++++ Information supplied

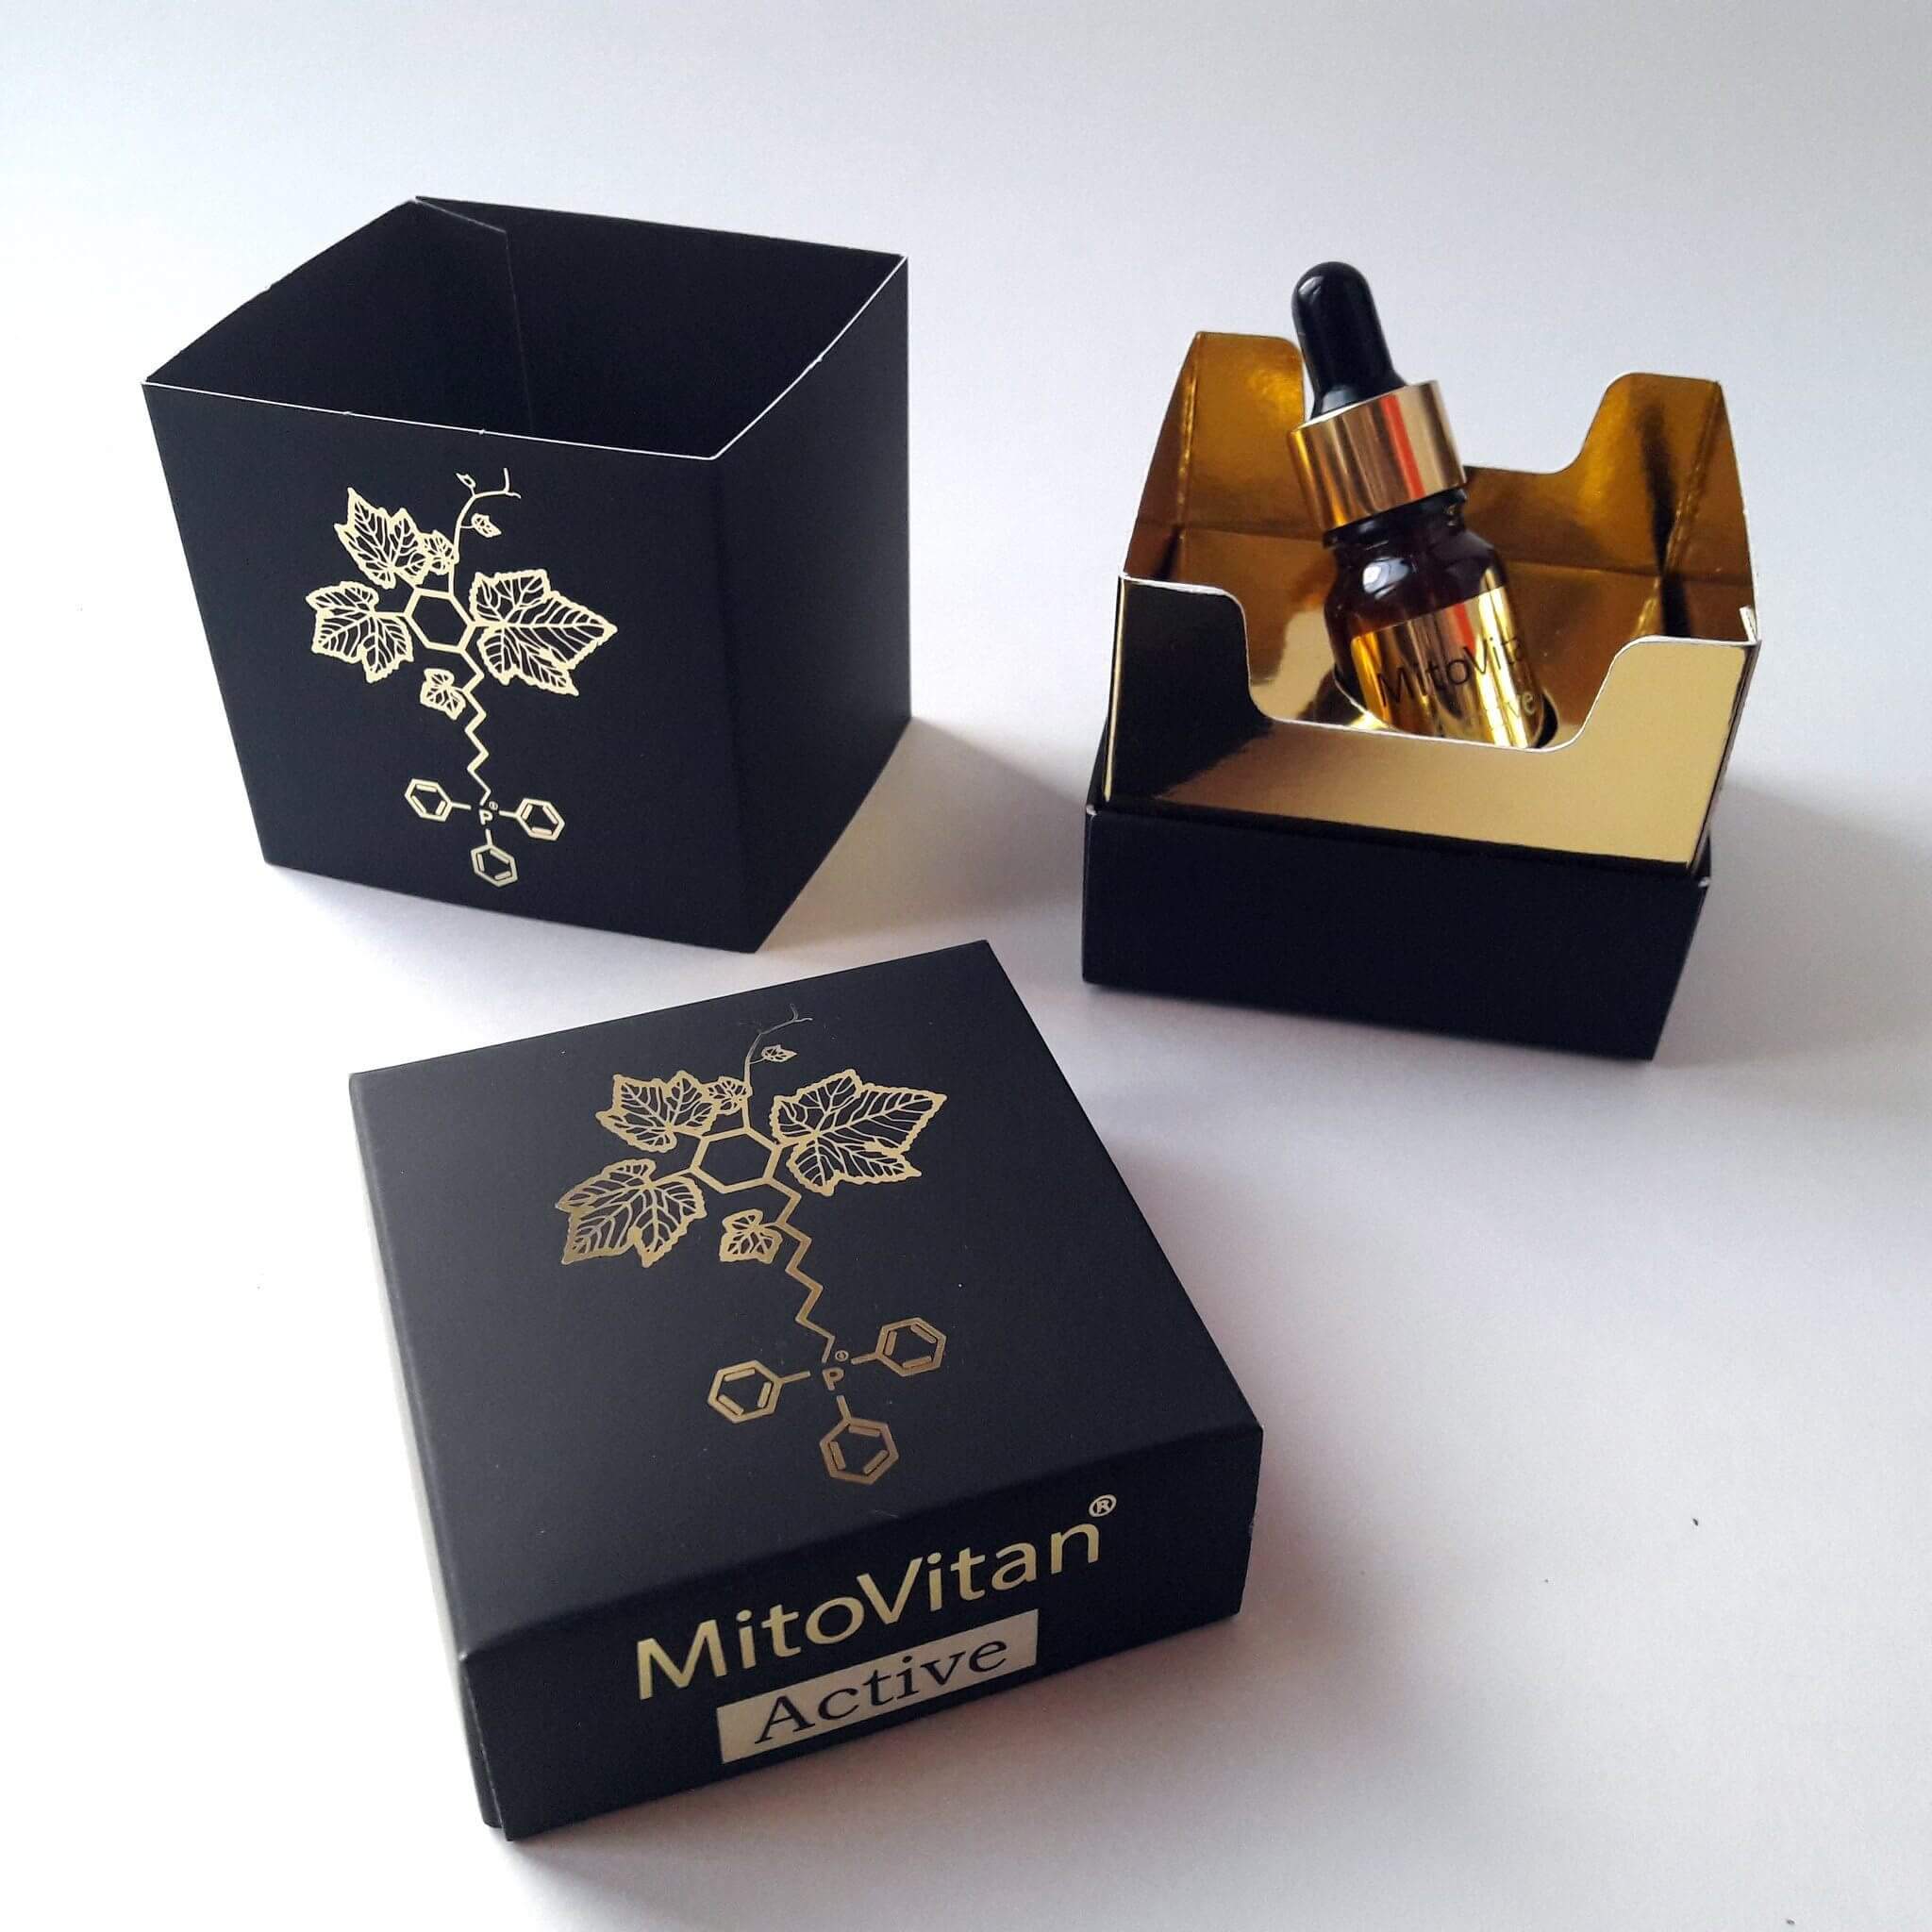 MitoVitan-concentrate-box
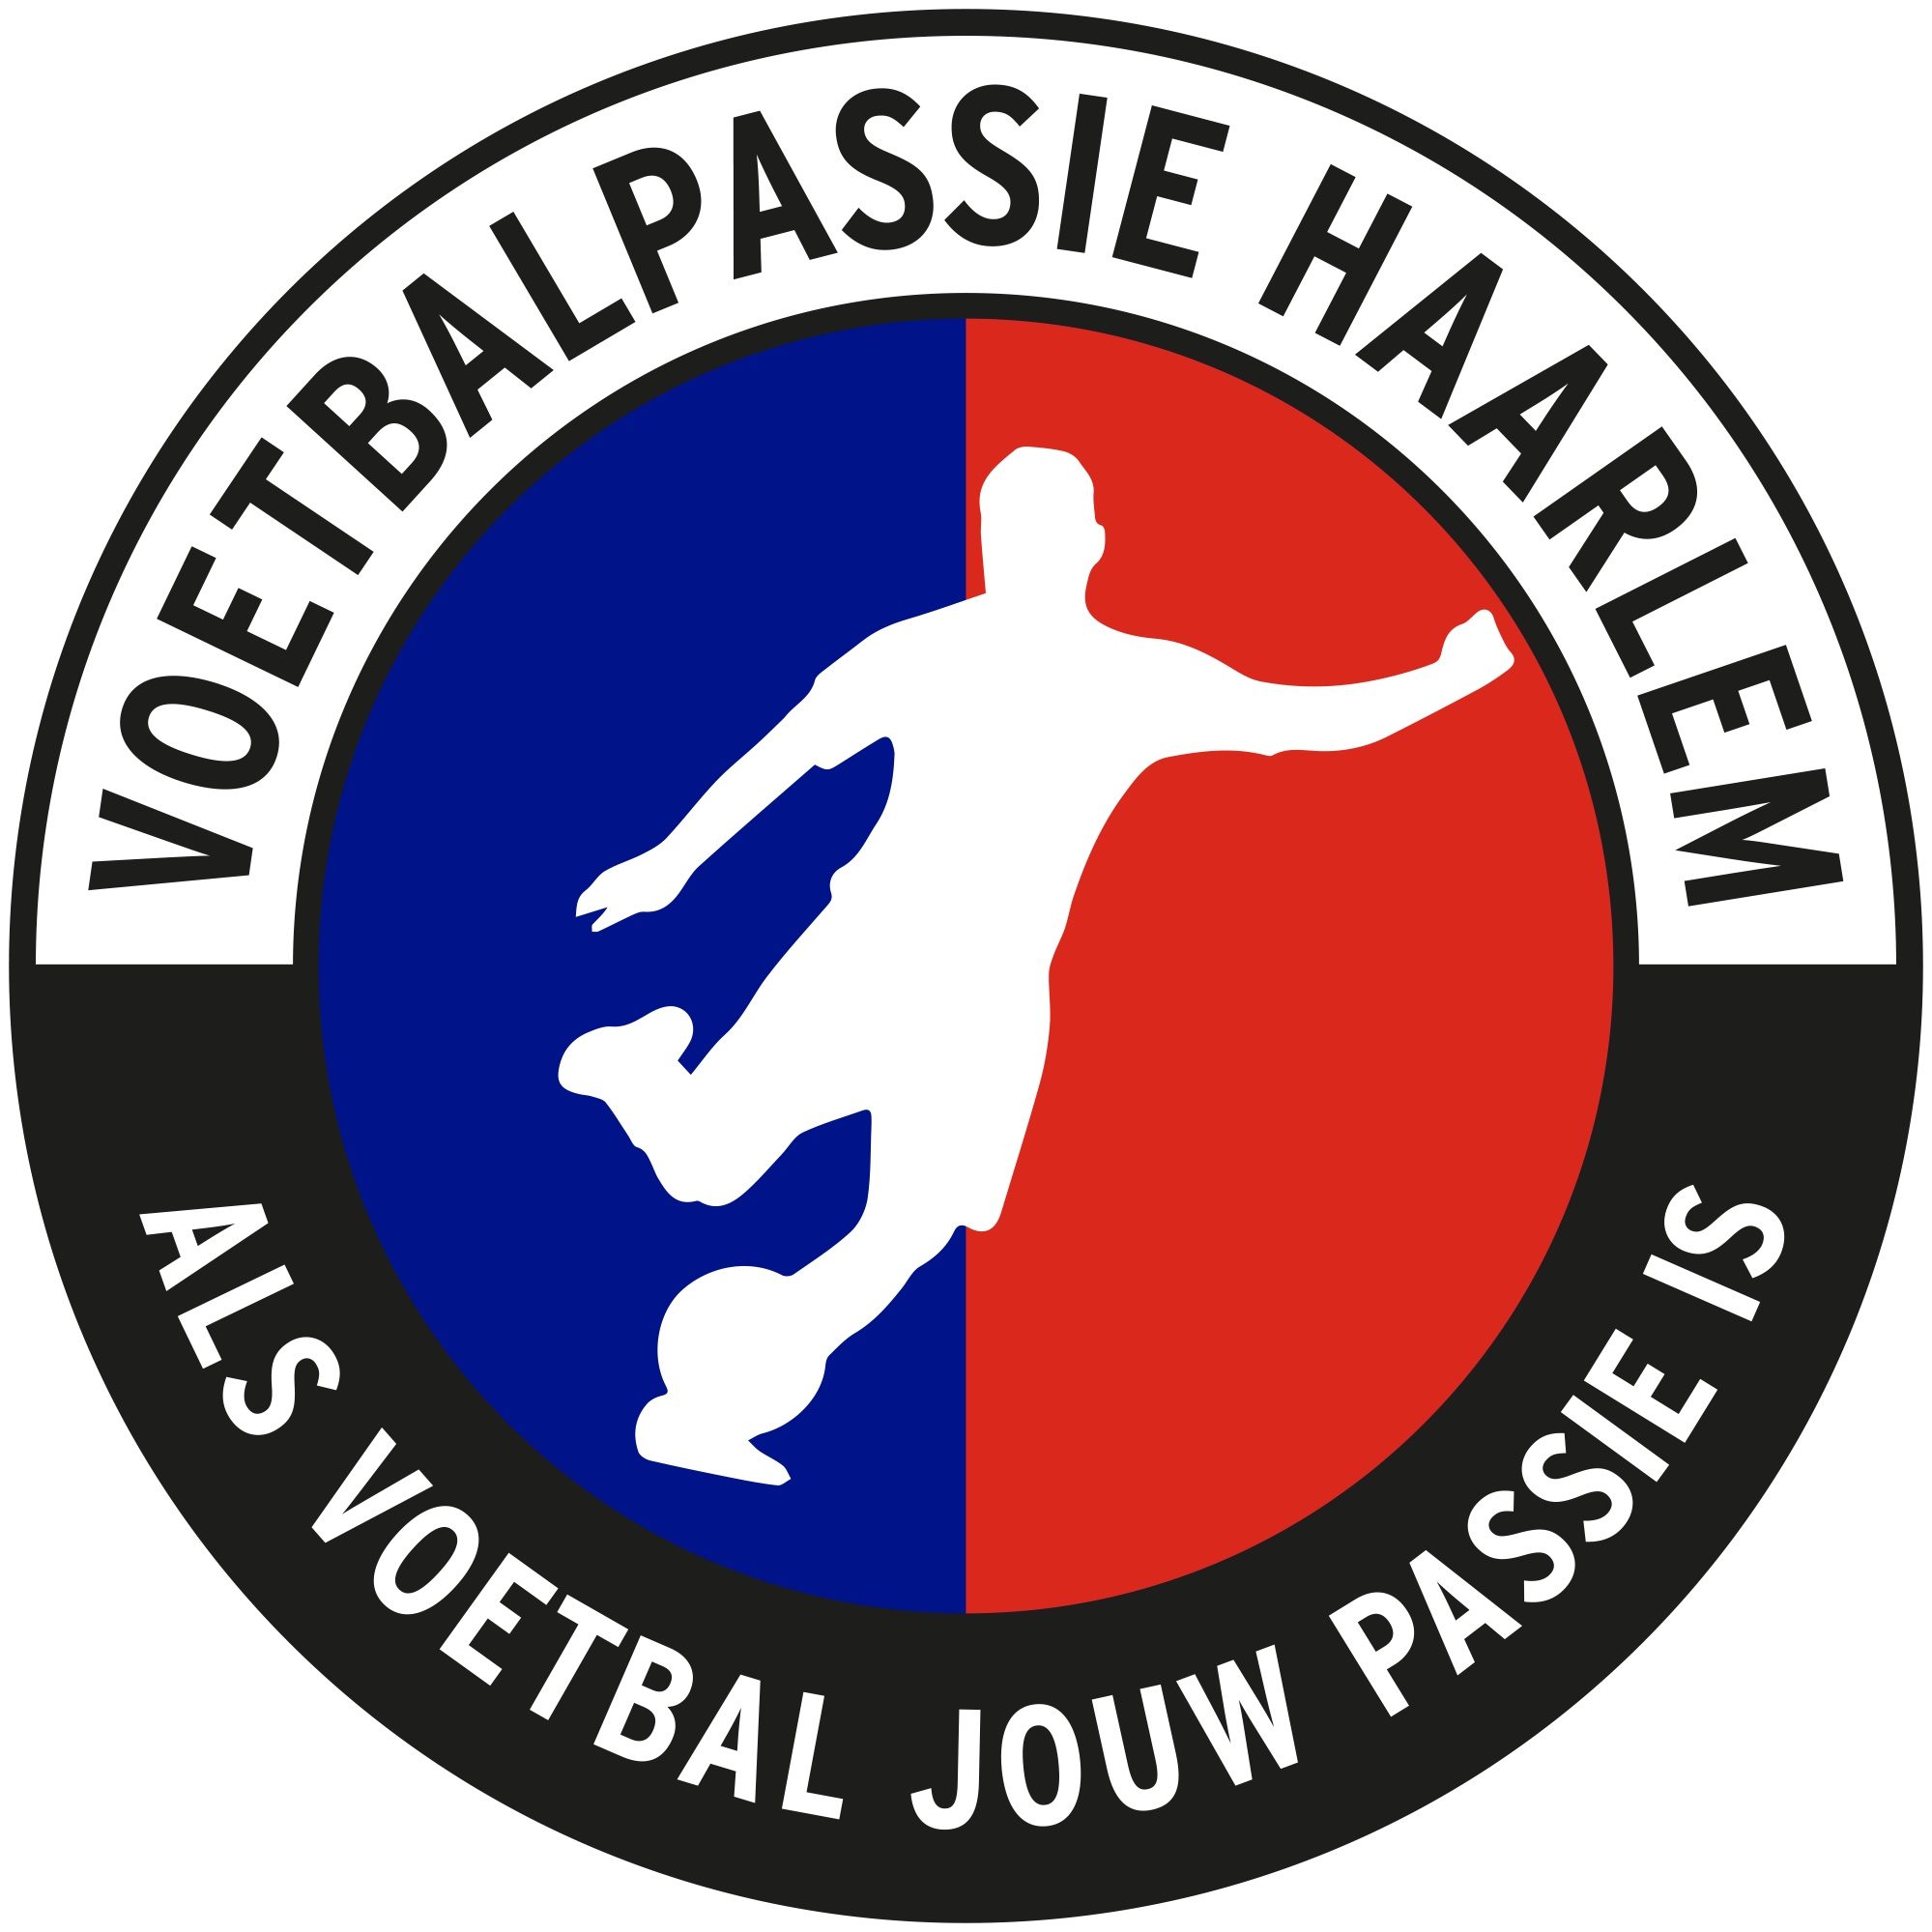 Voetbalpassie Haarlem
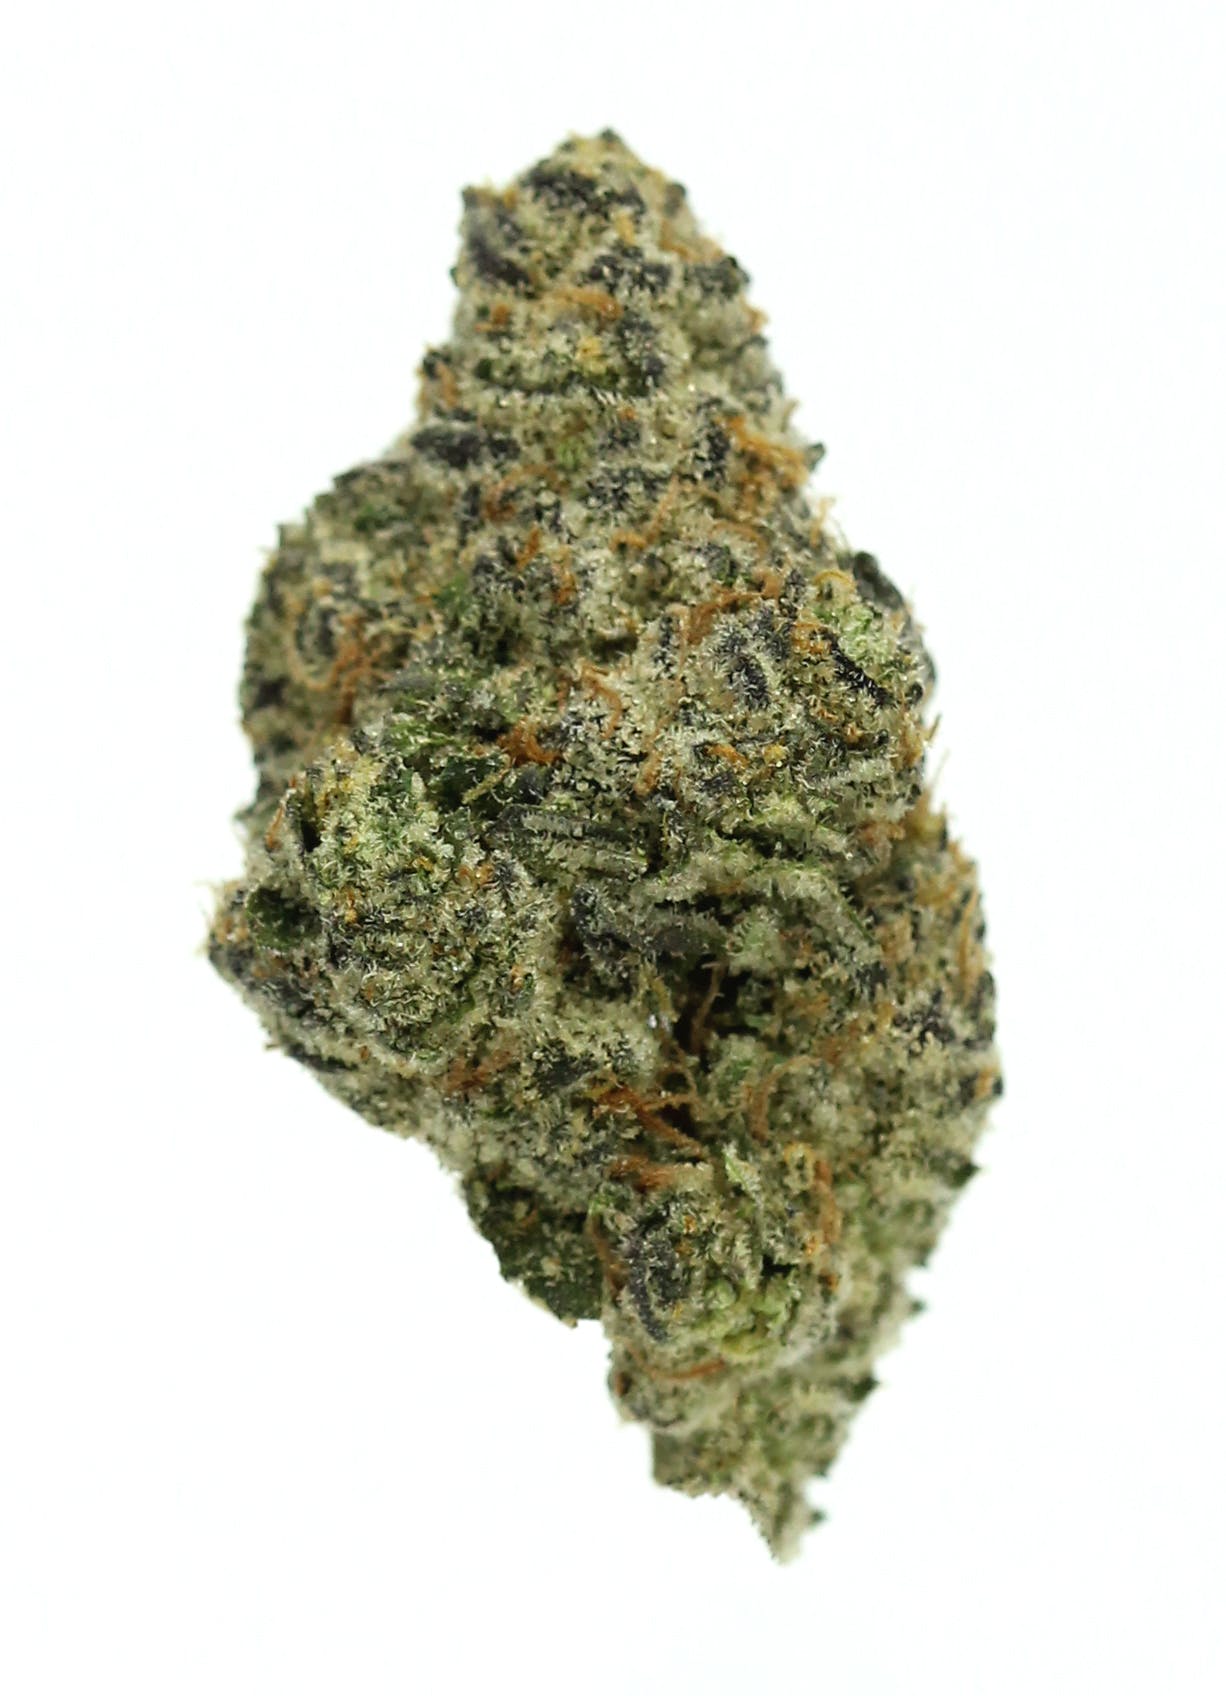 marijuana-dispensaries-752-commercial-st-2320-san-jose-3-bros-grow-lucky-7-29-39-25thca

++++++++

▶ Exercise details:
The whole listing above must be set down again exactly, but without its images.

▶ Solution for this exercise:
 MitoVitan-concentrate-box
 Voetbalpassie Haarlem
 marijuana-dispensaries-752-commercial-st-2320-san-jose-3-bros-grow-lucky-7-29-39-25thca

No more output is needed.